Не сотвори себе кумира
Шрифт:
– Вот именно, гражданин начальник, — в тон ему заговорил Малоземов. — С земляными работами мы всегда справимся. Запишите, будем стараться: надоело безделье.
Начальник смерил ироническим взглядом моего друга, лицо которого так и сияло готовностью свернуть горы, и, сказав своему спутнику: "Запишите обоих", пошел дальше по кругу.
Едва мы отошли в группу принятых и Малоземов опрометью кинулся за Негановым, как на сцену выступил Артемьев.
– Гражданин начальник, — заговорил он доверительно, — возьмите и меня,
– Какой специальности?
– Любой, какая потребуется, я человек тертый. — Вы что же, раньше были в заключении?
– Был. С тридцатого как раскулаченный, пять лет. Так что вы не сомневайтесь, с ихнее я завсегда сделаю) — И он с презрением мотнул головой в нашу сторону.
– Хорошо, как фамилия?
– Артемьев, гражданин начальник! Затем все разыгралось как по нотам. Не успел наш вербовщик дойти до конца уже сократившейся шеренги, как к другому ее концу незаметно прилепился Неганов, — выпятив колесом могучую грудь. Вернувшись вдоль шеренги обратно, начальник подивился:
– А это что за богатырь?
– В уборной подзадержался малость, гражданин начальник, — ответил наш друг, переминаясь с ноги на ногу. — Вчерась тут нас жирной свининкой накормили, да и борщ оказался больно наваристым, вот и расслабило малость без привычки…
В нашей мрачной шеренге грохнул смех.
– Вы еще и шутник, оказывается? — повеселел солидный начальник.
– Пропадешь в Сибири без шуток. А только я не шучу: честное слово, с детства люблю суп со свининой! — весело выпалил Неганов под новый взрыв смеха.
– Как фамилия?
– Неганов Сергей Иванович!
– Запишите и Неганова, — кивнул он в сторону своего спутника, на сей раз даже не спросив о специальности.
Через полчаса мы были уже за воротами нашего первого лагеря и в числе полусотни шагали по слепящей и искристой предвечерней дороге в новый лагерь. А еще через час нас привели к такой же зоне и водворили колонну № 62, на той же станции Амазар.
Глава одиннадцатая
Всякое самовольное проявление личности в арестанте считается преступлением…

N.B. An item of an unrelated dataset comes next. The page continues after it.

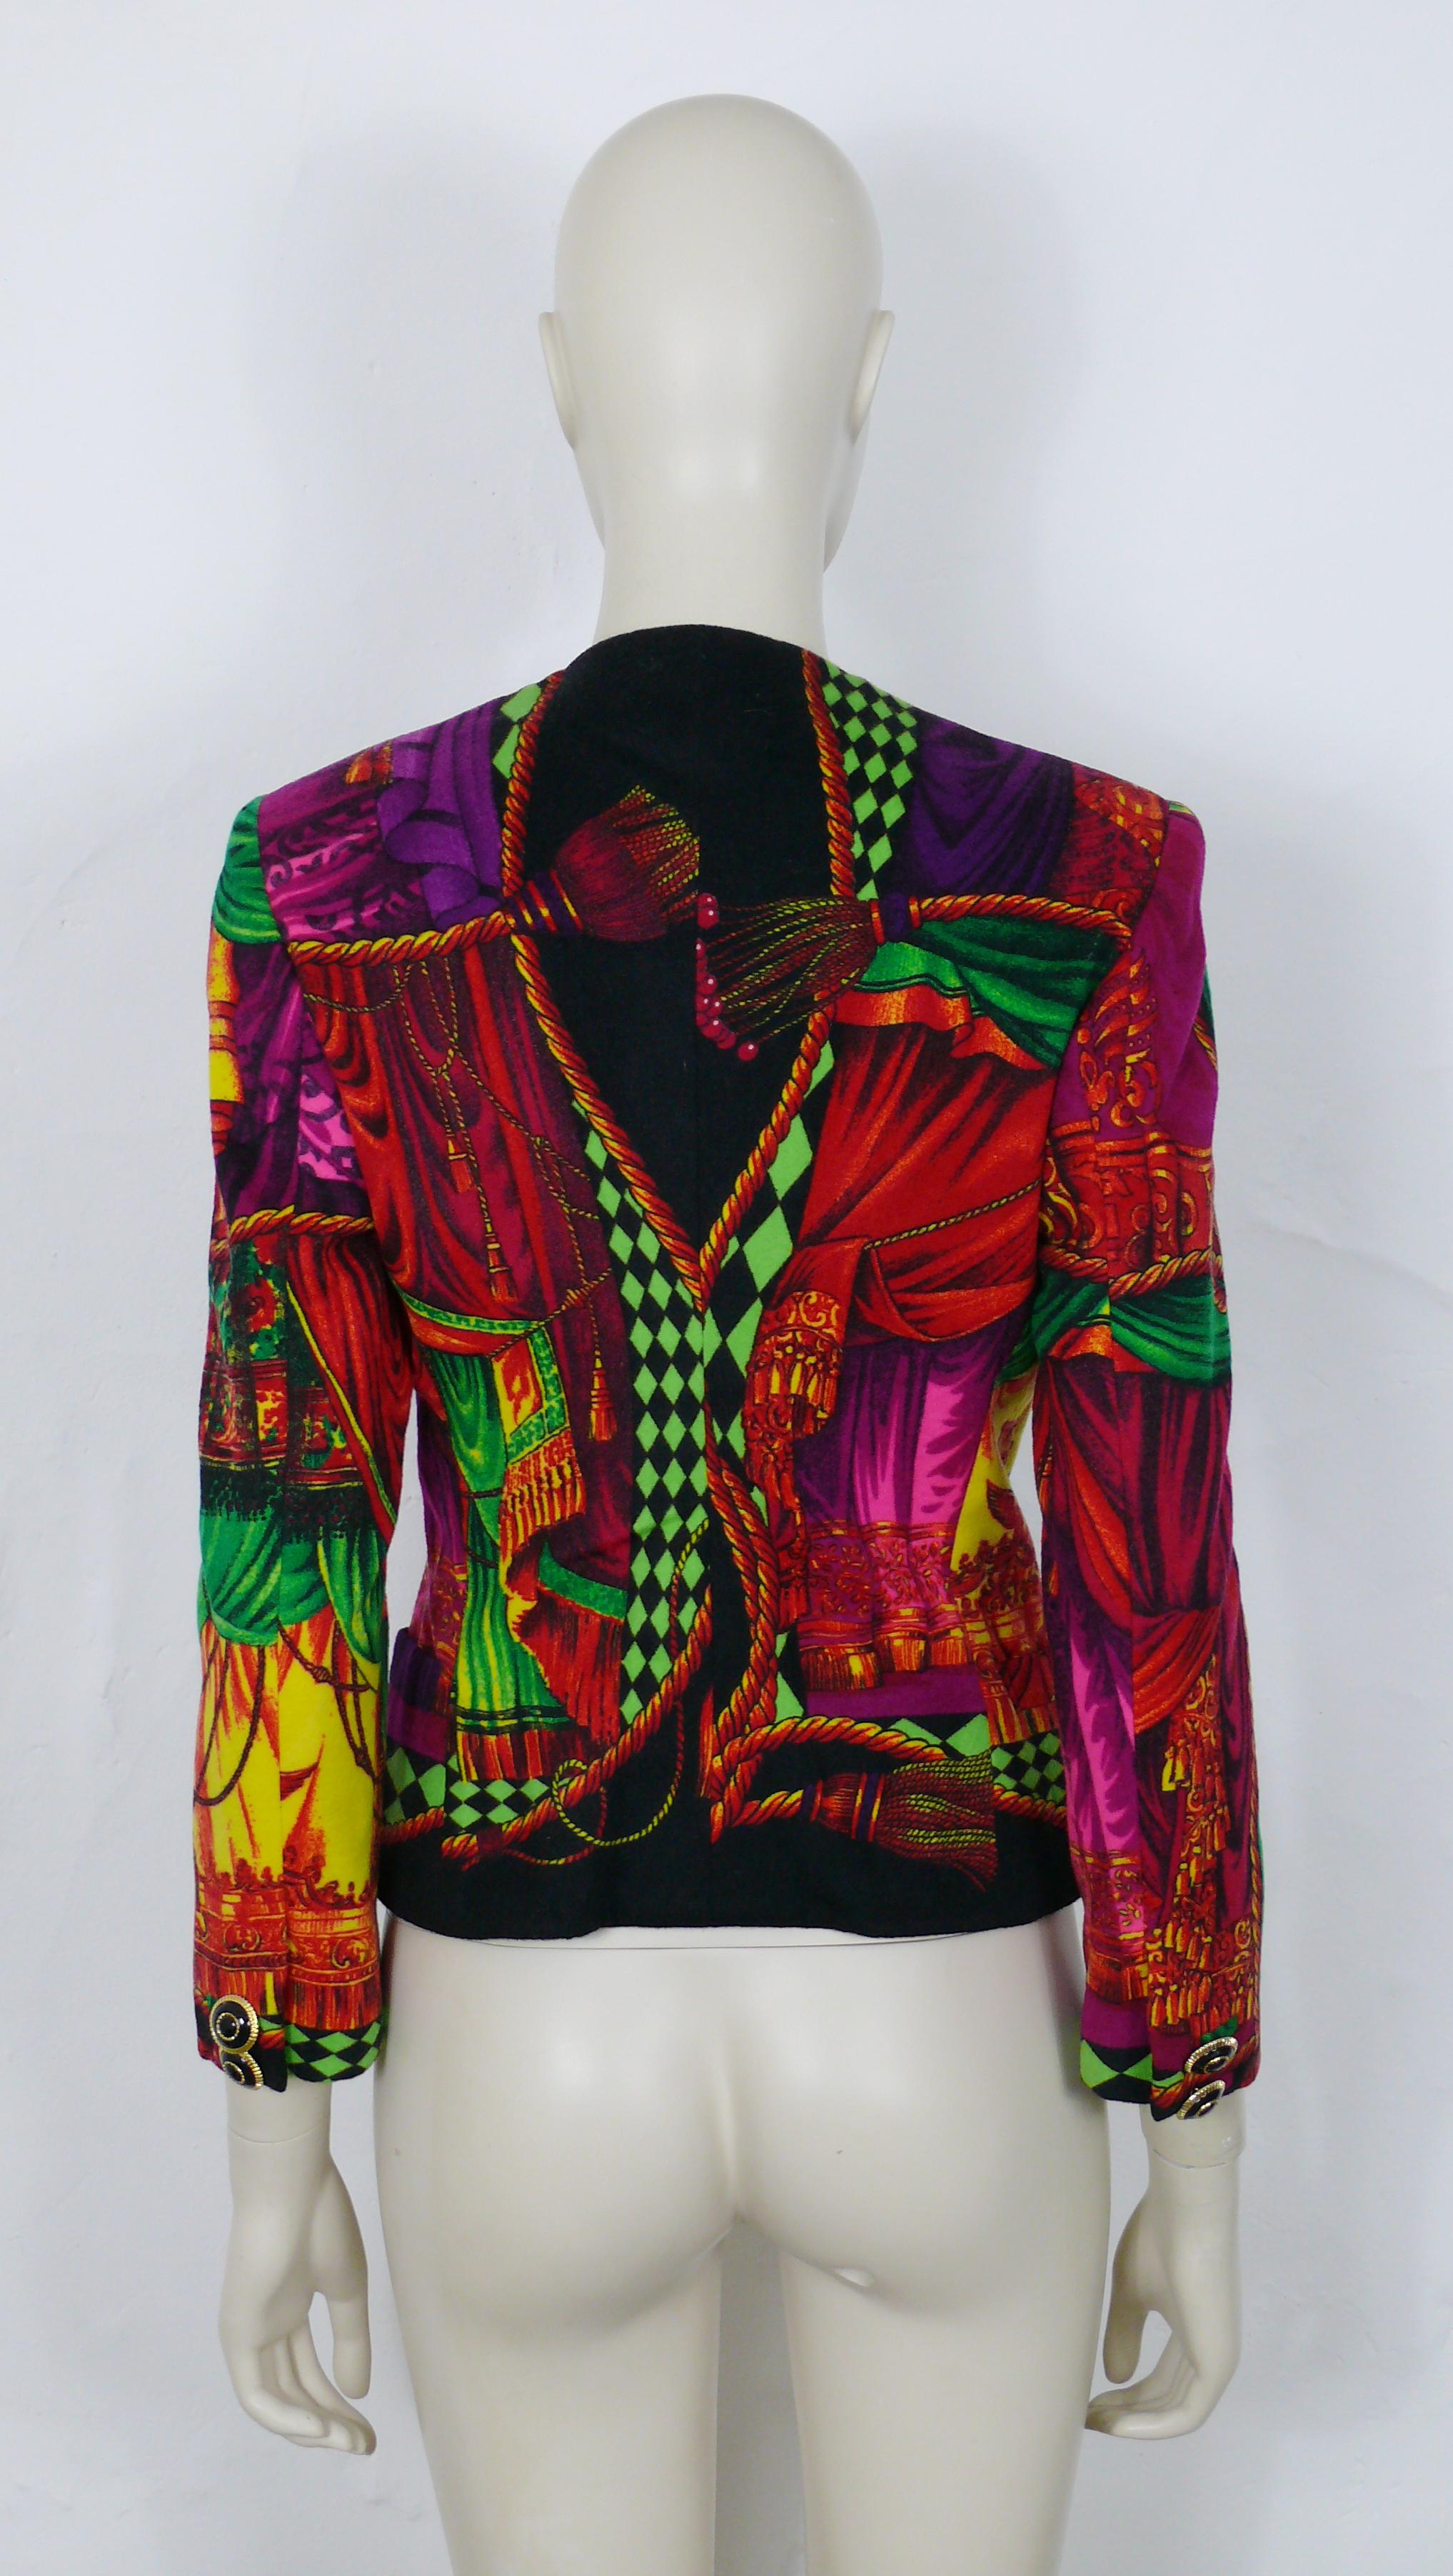 Gianni Versace Couture Iconic Fall/Winter 1991/92 Teather Drape Print Jacket In Excellent Condition For Sale In Nice, FR

Примириться с этой жизнью было невозможно.
Ф. М. Достоевский
Наше "постоянное" место жительства отличалось от покинутого лишь тем, что бараки здесь были еще более ветхими. Возле бараков и внутри, как осенние мухи, бродили истощенные, в оборванных серых бушлатах зэки — больные или отказчики, для которых в карцере, очевидно, уже не хватало места. Одинаковыми были и сторожевые вышки по углам зоны, на которых, как на скворечнях скворцы, стояли часовые с винтовками — румяные и сытые, одетые в теплые, наподобие боярских, тулупы поверх новеньких полушубков. Они равнодушно смотрели на привычную картину лагерного бытия. А
Что-то до жути знакомое всплыло в моей памяти: подобное видел я не один раз в иностранной кинохронике, повествующей о внутренних делах одной всем известной европейской державы, где у власти находился фашизм…

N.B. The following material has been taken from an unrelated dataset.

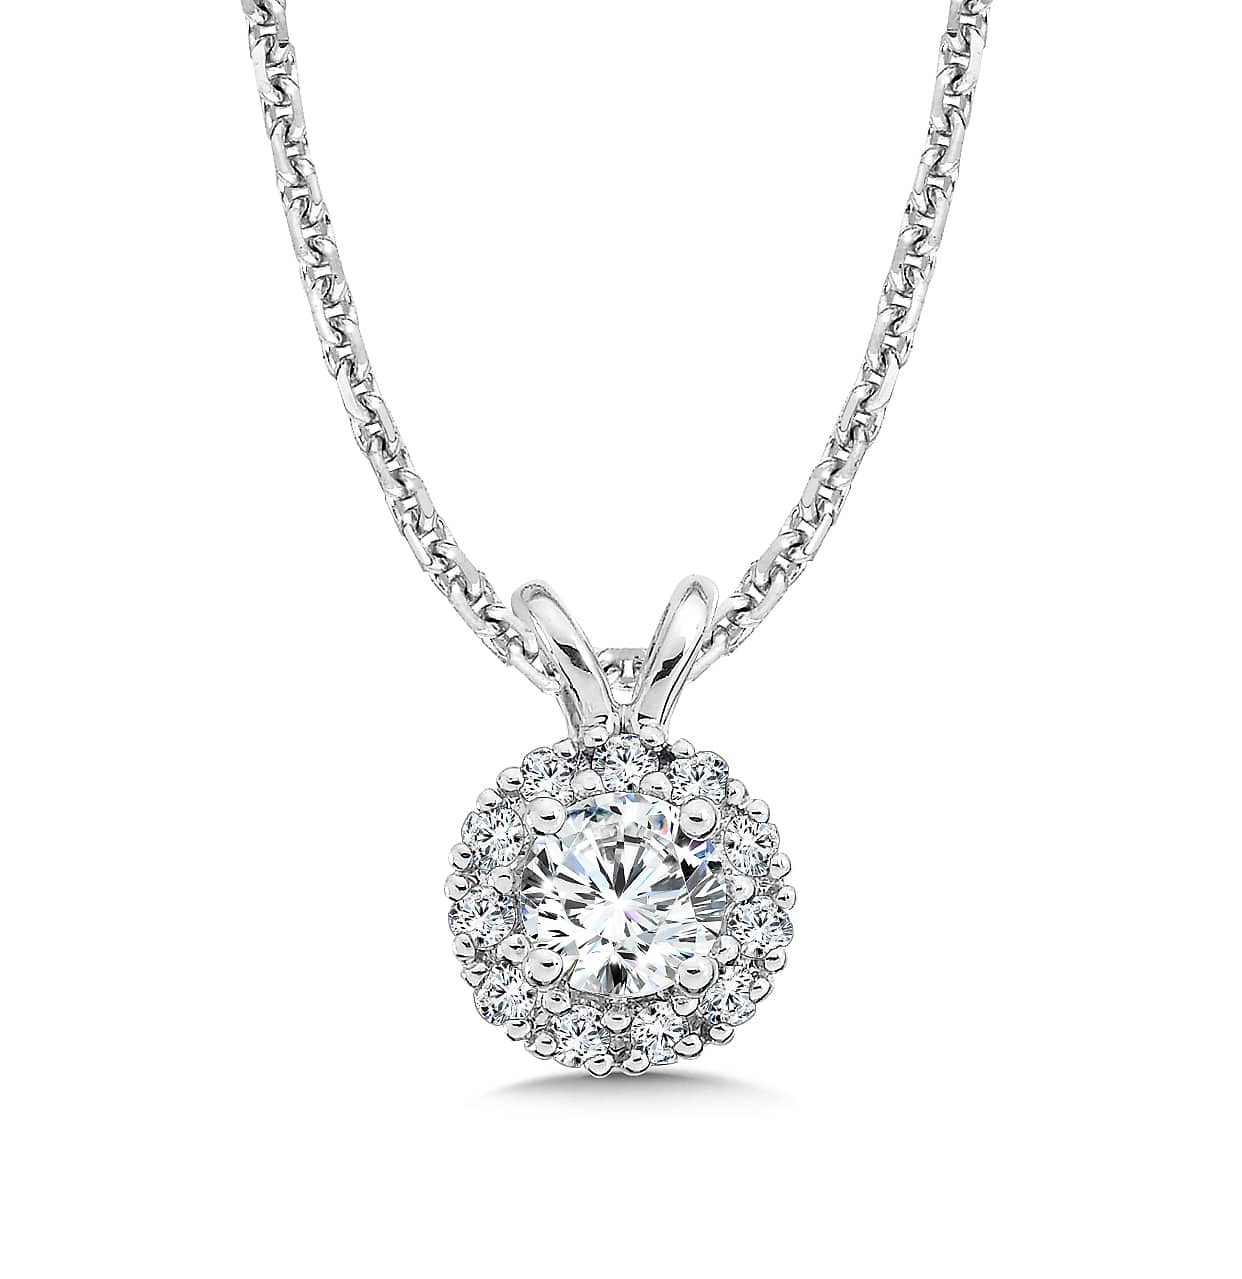 Buy Statement Diamond Halo Necklace W/ 8 Stationary Diamond Cushion Cut Halo  Necklace Gift for Her Silver Diamond Necklacebn1602 Online in India - Etsy

Мои раздумья были прерваны тем, что Малоземов больно толкнул меня в бок:
– Отвечай, тебя вызывают…
Шла проверка прибывшего пополнения по формулярам.
– Ефимов! — уже по второму разу крикнул проверяющий.
– Иван Иванович, тысяча девятьсот шестого года рождения, — громко ответил я по установленной форме.
– Ошалел от радостной неожиданности, — пошутил кто-то.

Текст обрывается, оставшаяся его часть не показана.